I need to filter rows in a pandas
dataframe so that a specific string column contains at least one of a list of provided substrings. The substrings may have unusual / regex characters. The comparison should not involve regex and is case insensitive.
For example:
lst = ['kdSj;af-!?', 'aBC+dsfa?\-', 'sdKaJg|dksaf-*']
I currently apply the mask like this:
mask = np.logical_or.reduce([df[col].str.contains(i, regex=False, case=False) for i in lst])
df = df[mask]
My dataframe is large (~1mio rows) and lst
has length 100. Is there a more efficient way? For example, if the first item in lst
is found, we should not have to test any subsequent strings for that row.

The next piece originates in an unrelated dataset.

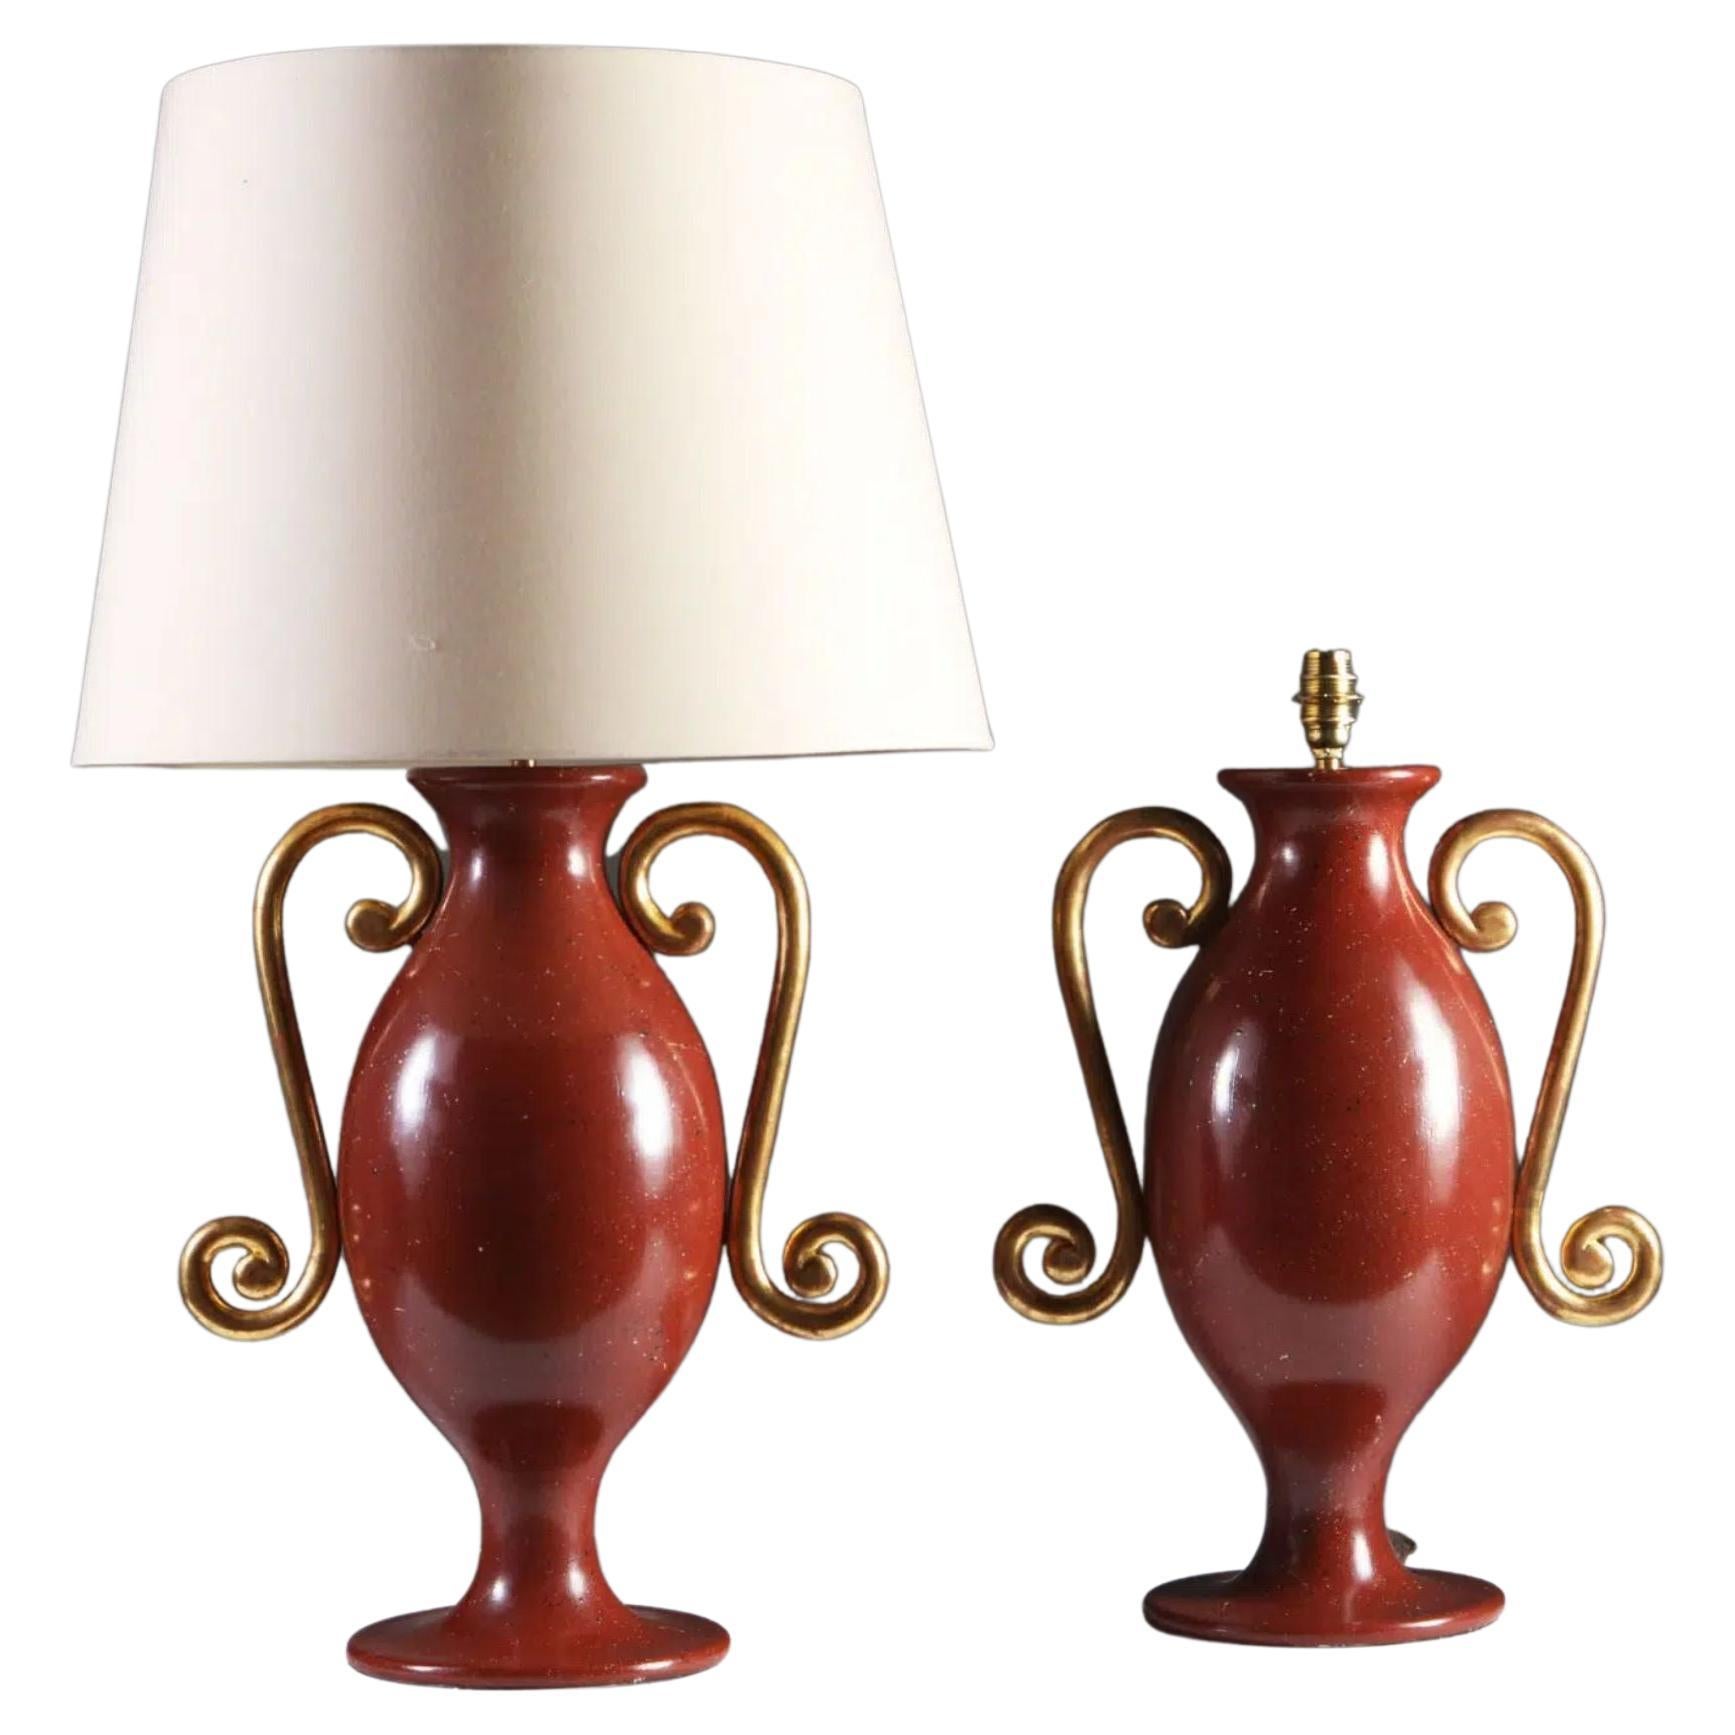 Pair of Faux Porphyry Painted Baluster Vases as Table Lamps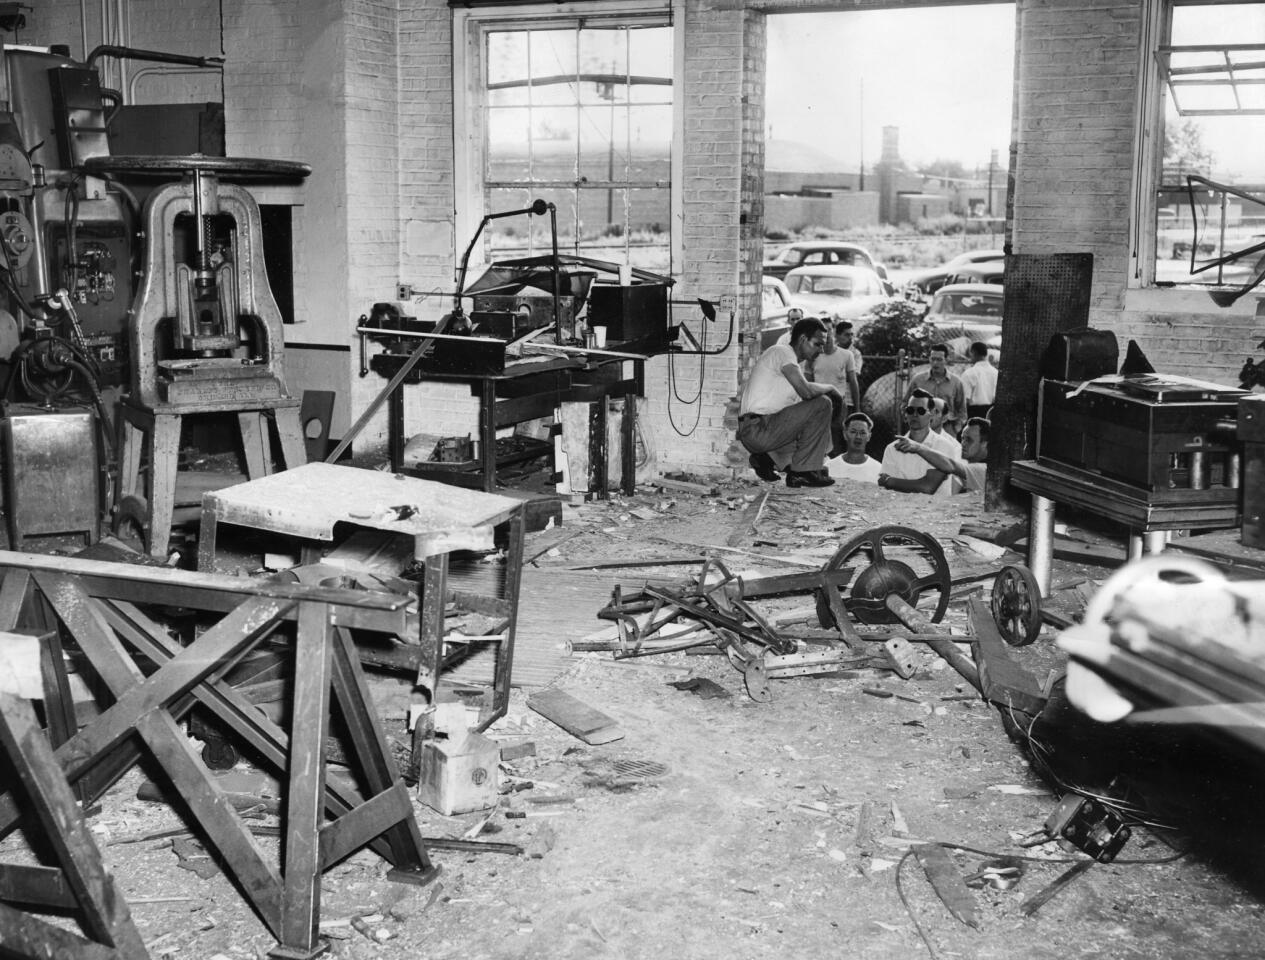 Aug. 24, 1955: A second bombing occurred at the Richard O. Schulz Co. factory in Elmwood Park. Five men in the tool and die plant were injured. The blast was the 25th bombing in Cook County in 15 months. During the same timespan, seven bombings occurred in Kane and Lake counties.

If you're sticking to using pure-pandas, for both performance and practicality I think you should use regex for this task. However, you will need to properly escape any special characters in the substrings first to ensure that they are matched literally (and not used as regex meta characters).
This is easy to do using re.escape
:
>>> import re
>>> esc_lst = [re.escape(s) for s in lst]
These escaped substrings can then be joined using a regex pipe |
. Each of the substrings can be checked against a string until one matches (or they have all been tested).
>>> pattern = '|'.join(esc_lst)
The masking stage then becomes a single low-level loop through the rows:
df[col].str.contains(pattern, case=False)
Here's a simple setup to get a sense of performance:
from random import randint, seed
seed(321)
# 100 substrings of 5 characters
lst = [''.join([chr(randint(0, 256)) for _ in range(5)]) for _ in range(100)]
# 50000 strings of 20 characters
strings = [''.join([chr(randint(0, 256)) for _ in range(20)]) for _ in range(50000)]
col = pd.Series(strings)
esc_lst = [re.escape(s) for s in lst]
pattern = '|'.join(esc_lst)
The proposed method takes about 1 second (so maybe up to 20 seconds for 1 million rows):
%timeit col.str.contains(pattern, case=False)
1 loop, best of 3: 981 ms per loop
The method in the question took approximately 5 seconds using the same input data.
It's worth noting that these times are 'worst case' in the sense that there were no matches (so all substrings were checked). If there are matches than the timing will improve.